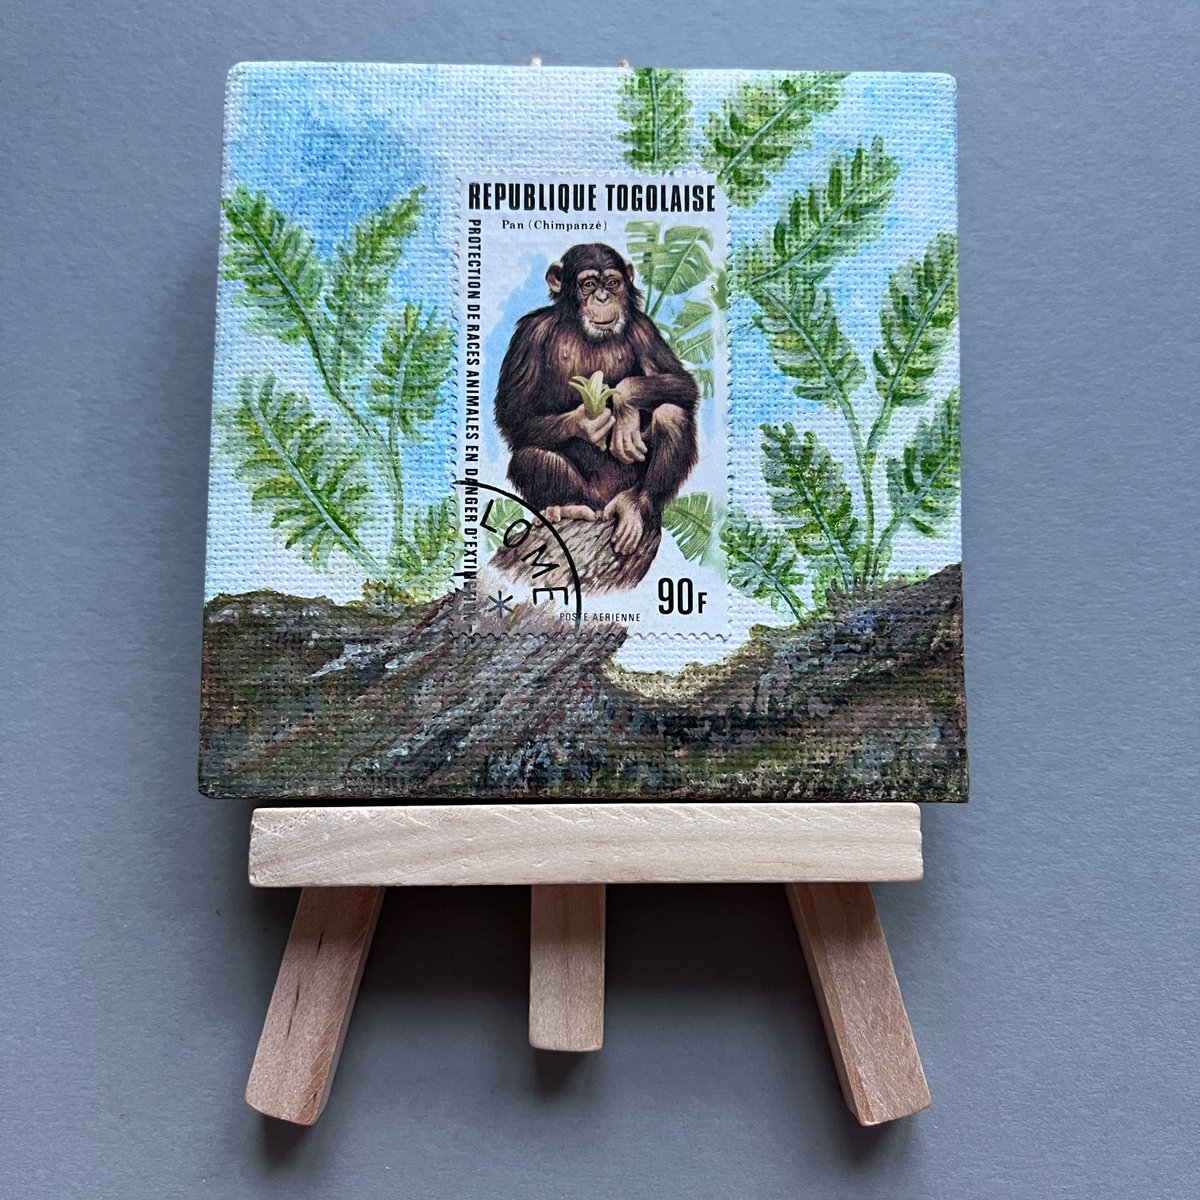 Chimpanzee Stamp made into art, on its own little easel!🐒 🐵 
 approx 4.5 inches high, a perfect size for displaying little stamp paintings! 

#minicanvas #minicanvasart #minicanvaspainting #minicanvases #minicanvasartworks #smallart #shelfart #artfordesk #smallartwork

Goal of the exercise:
Could you transcribe all of the data exactly, keeping every picture out of the copy?

Result of the task:
 Chimpanzee Stamp made into art, on its own little easel!🐒 🐵 
 approx 4.5 inches high, a perfect size for displaying little stamp paintings! 

#minicanvas #minicanvasart #minicanvaspainting #minicanvases #minicanvasartworks #smallart #shelfart #artfordesk #smallartwork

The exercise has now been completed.